С годами образ зарубленного тютюнниковцами комиссара не оставлял Ивана, а утверждался все ярче и настойчивее. Не покинул он его и тогда, когда Ныч сам стал комиссаром, душой эскадрильи. И эта душа ныла сейчас от невидимой раны.

— Тьфу, наваждение, — чертыхнулся он. Командир удивленно поднял брови, глянул искоса.

— Ты, что?

— Да, так, ничего… — уклонился он от прямого ответа: не место было для подобного разговора, да и нужно ли вообще обнажать комиссару свои слабости?

Командир не настаивал. Он знал — секретов от него комиссар не держит, придет время — сам расскажет.

* * *

Полевой аэродром возле маленькой деревушки Тагайлы с воздуха был совсем неприметен. От деревни убегала в степь лесозащитная полоса, вдоль нее змейкой дорога. Единственным ориентиром была ветряная мельница. А так пролетишь и ни машин, ни людей нигде не заметишь.

Меня об этом предупредили. И все же долго бы утюжить над степью воздух моей группе сержантов, если бы нас не встретил командир эскадрильи Любимов. Помахали друг другу крыльями, капитан вплотную подошел к моему самолету, сияющее лицо, мимолетное пожатие собственных рук над головой.

Мне это пожатие рук было особенно дорого. Любимов был не только моим непосредственным начальством (я занимал должность заместителя командира эскадрильи), а настоящим боевым другом.

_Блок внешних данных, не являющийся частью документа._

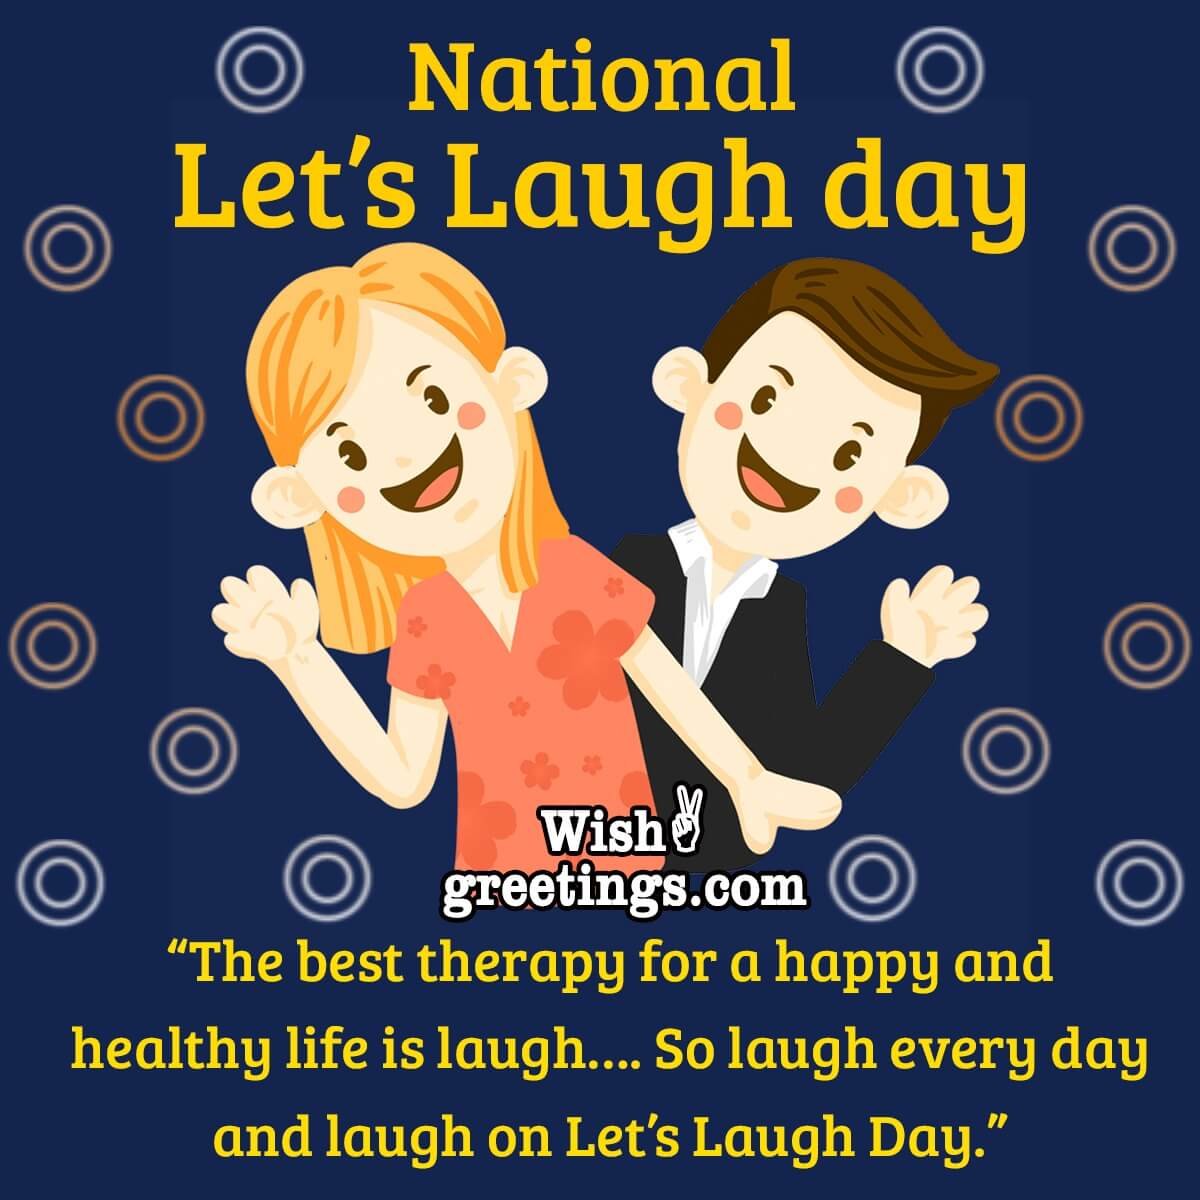 National Let’s Laugh Day

Мы уже несколько лет служили вместе.

По документам звали Любимова Иваном Степановичем, друзья окрестили его Васей. Почему? — Никто не мог объяснить! Но и с тем и другим именем был он добряк, милейший человек. Никогда ни с кем не ссорился, всегда говорил, не повышая голоса, не горячился и в каждом человеке видел только хорошее. Сам никого не ругал и его начальство миловало, никого не наказывал, а дисциплина в эскадрилье — лучшая в полку. А по технике пилотирования и по воздушной стрельбе между мной и Любимовым было давнее доброе соперничество, ибо выше себя в этом мы признавали лишь самого командира полка майора Павлова.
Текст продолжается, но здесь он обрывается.